**GIVEN MATERIAL**
..........

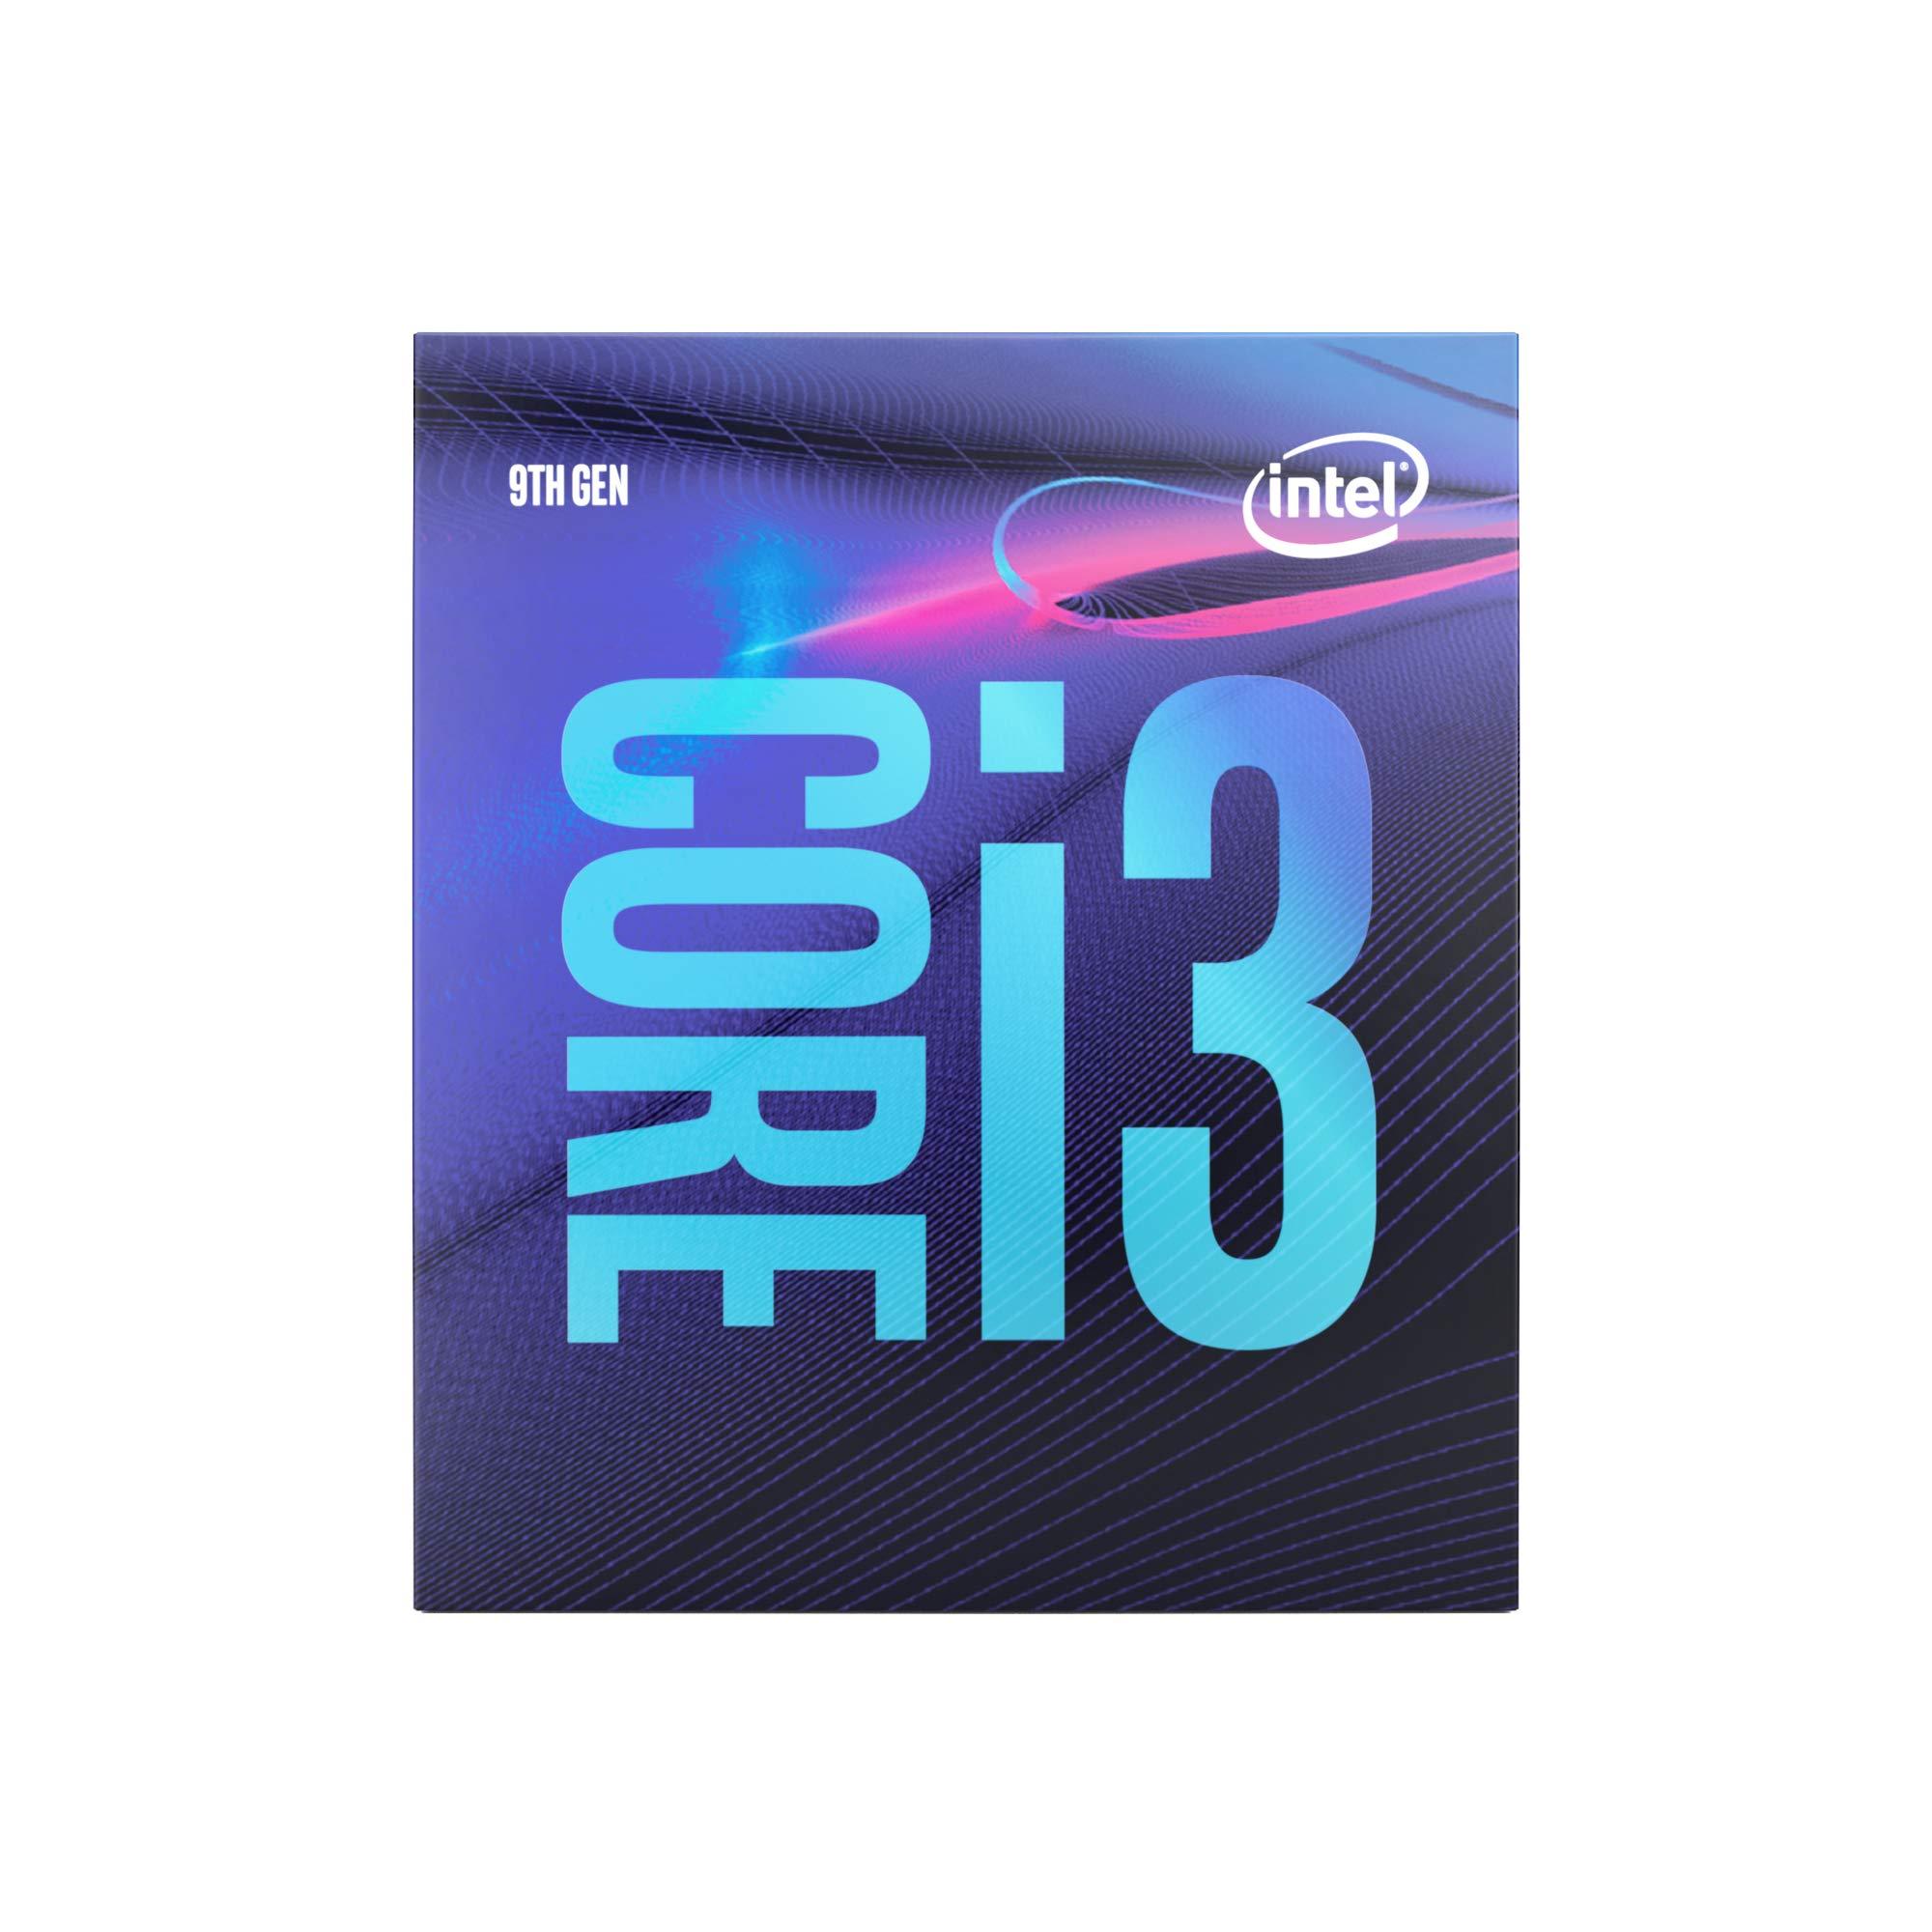 Intel Core i3-9100 Desktop Processor 4 Cores up to 4.2 GHz LGA1151 300 Series 65W by Intel
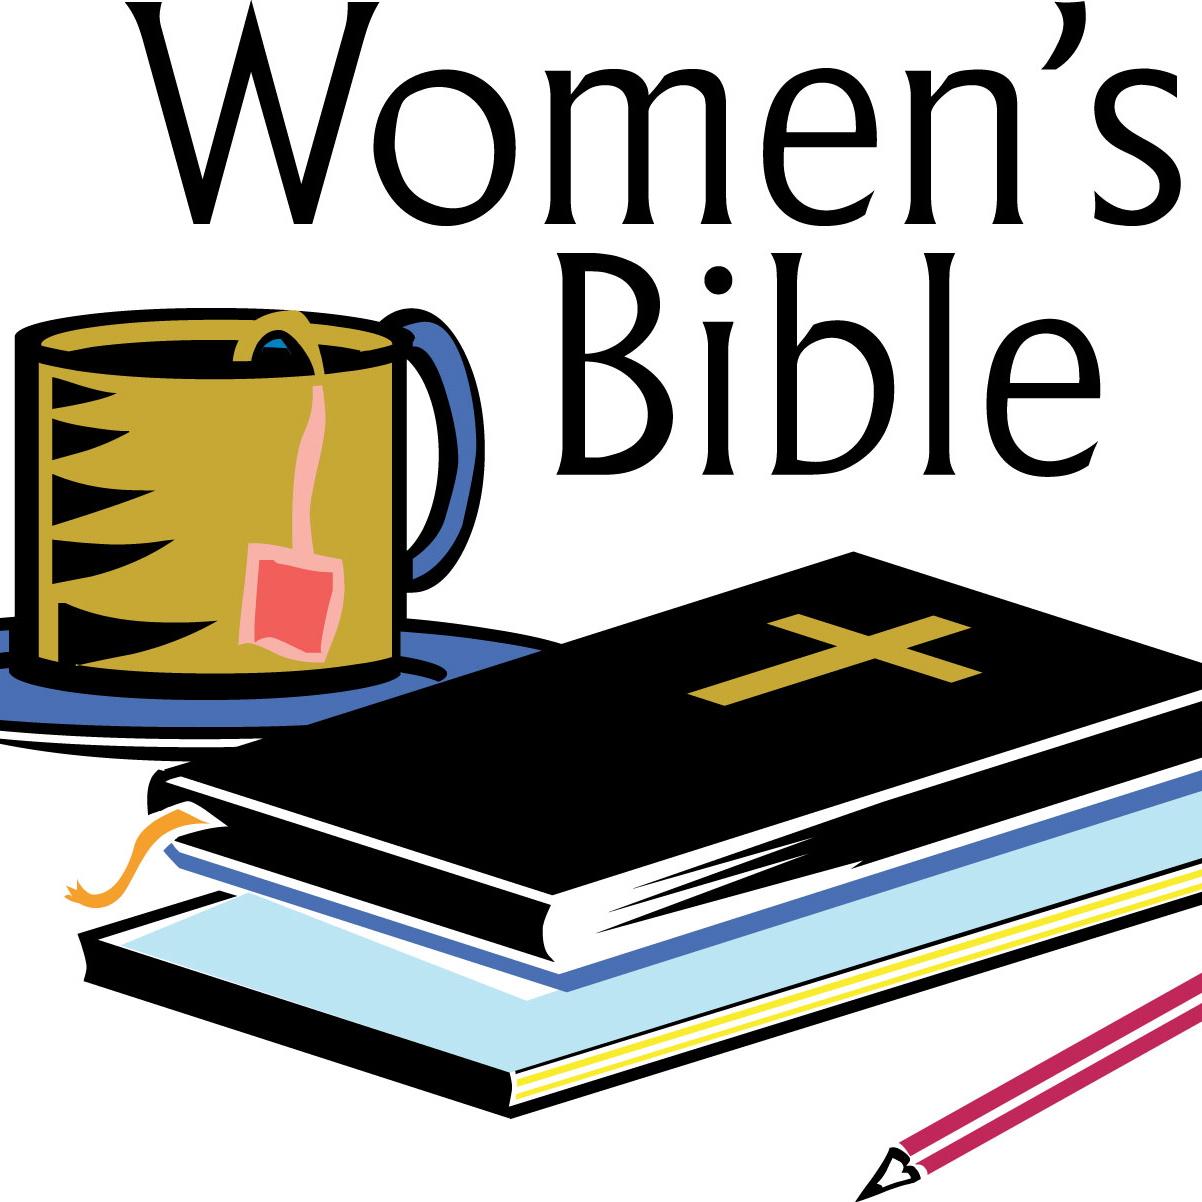 Bible Study Clip Art - Cliparts.co
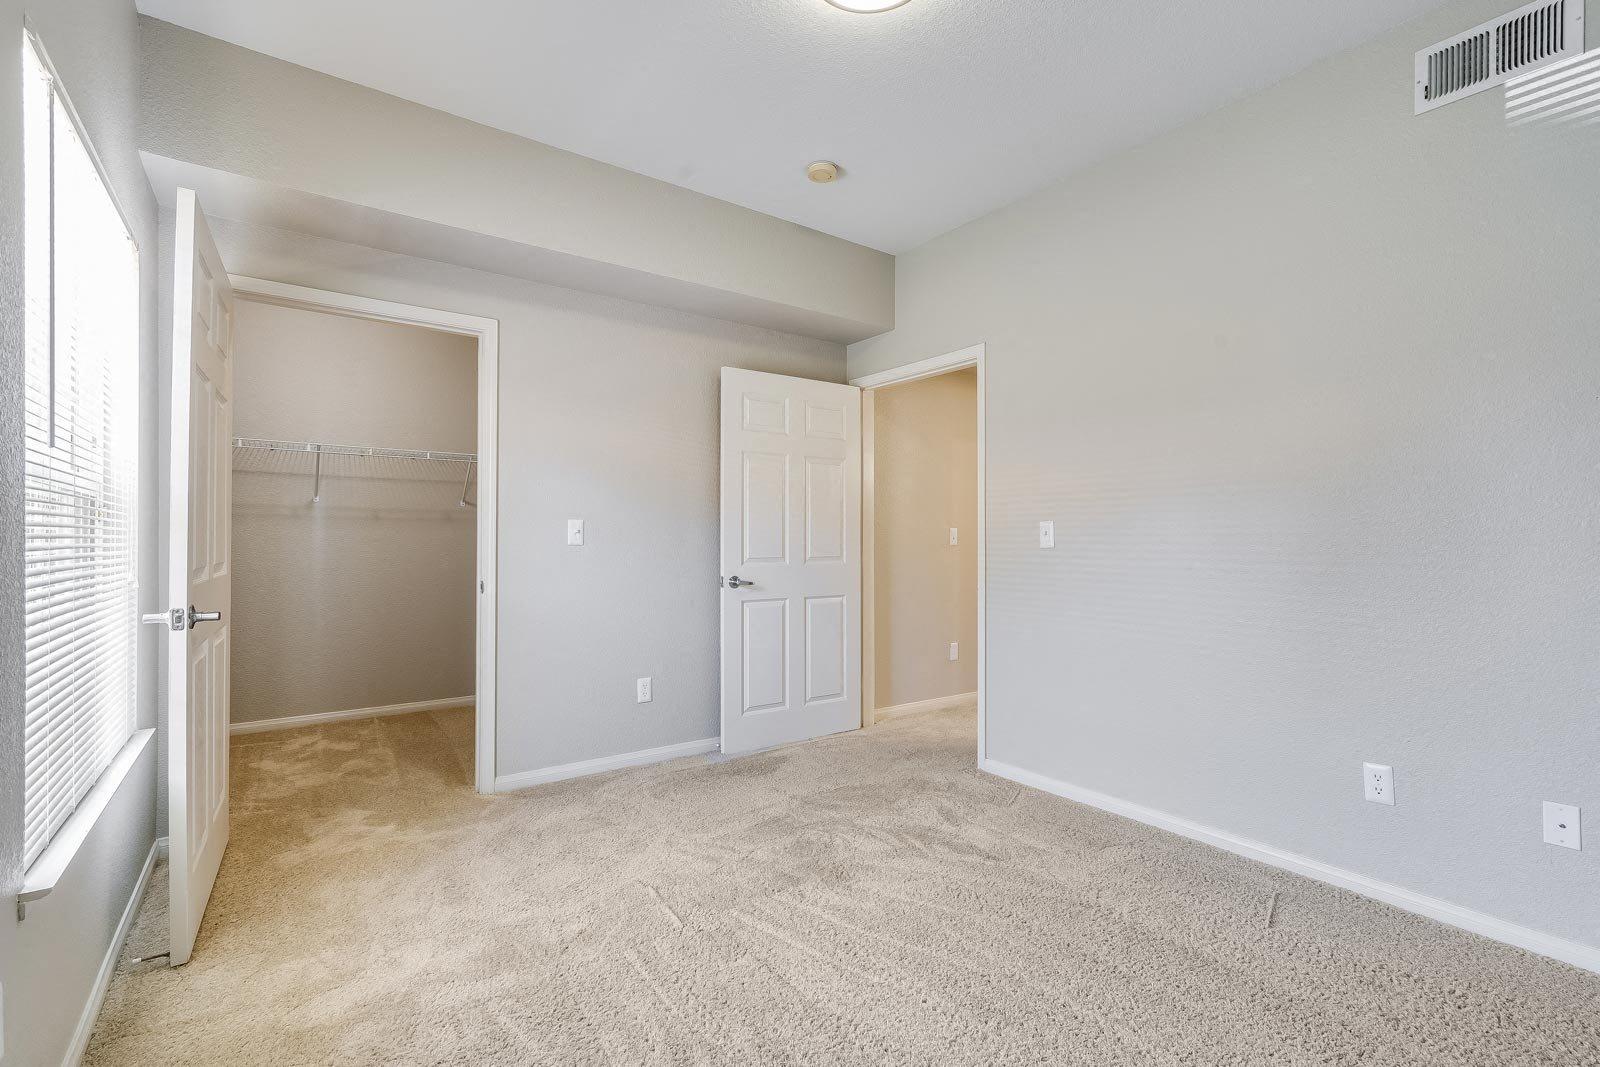 Large Closets at Windsor at Redwood Creek, 94928, CA

..........

All of the material above should be output exactly, with the pictures left behind.

**TASK OUTPUT**
 Intel Core i3-9100 Desktop Processor 4 Cores up to 4.2 GHz LGA1151 300 Series 65W by Intel
 Bible Study Clip Art - Cliparts.co
 Large Closets at Windsor at Redwood Creek, 94928, CA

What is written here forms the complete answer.